■ SOURCE MATERIAL ■
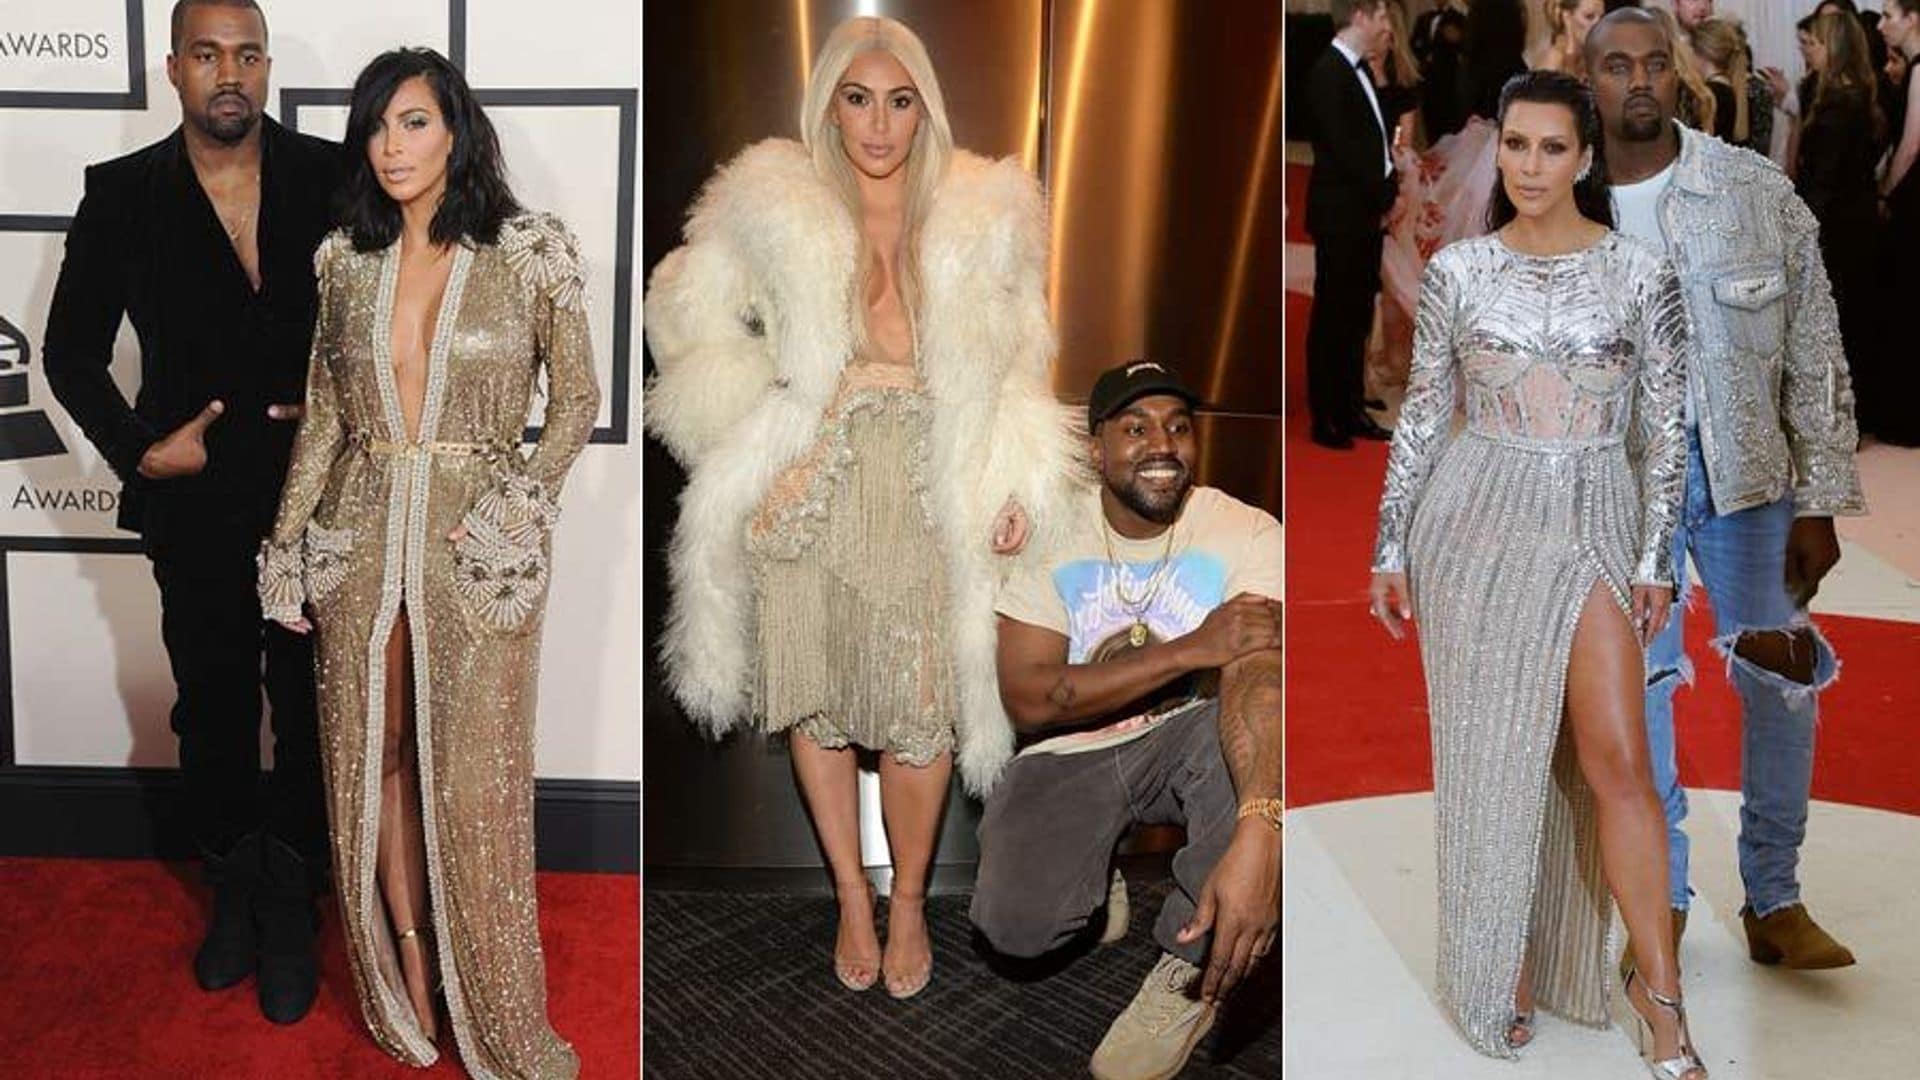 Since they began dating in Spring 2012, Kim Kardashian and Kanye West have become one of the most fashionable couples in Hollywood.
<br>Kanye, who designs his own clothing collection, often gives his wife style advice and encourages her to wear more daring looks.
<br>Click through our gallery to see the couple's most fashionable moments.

■ PROBLEM STATEMENT ■
What is needed is the whole listing again, set down exactly, without its pictures.

■ TASK RESPONSE ■
 Since they began dating in Spring 2012, Kim Kardashian and Kanye West have become one of the most fashionable couples in Hollywood.
<br>Kanye, who designs his own clothing collection, often gives his wife style advice and encourages her to wear more daring looks.
<br>Click through our gallery to see the couple's most fashionable moments.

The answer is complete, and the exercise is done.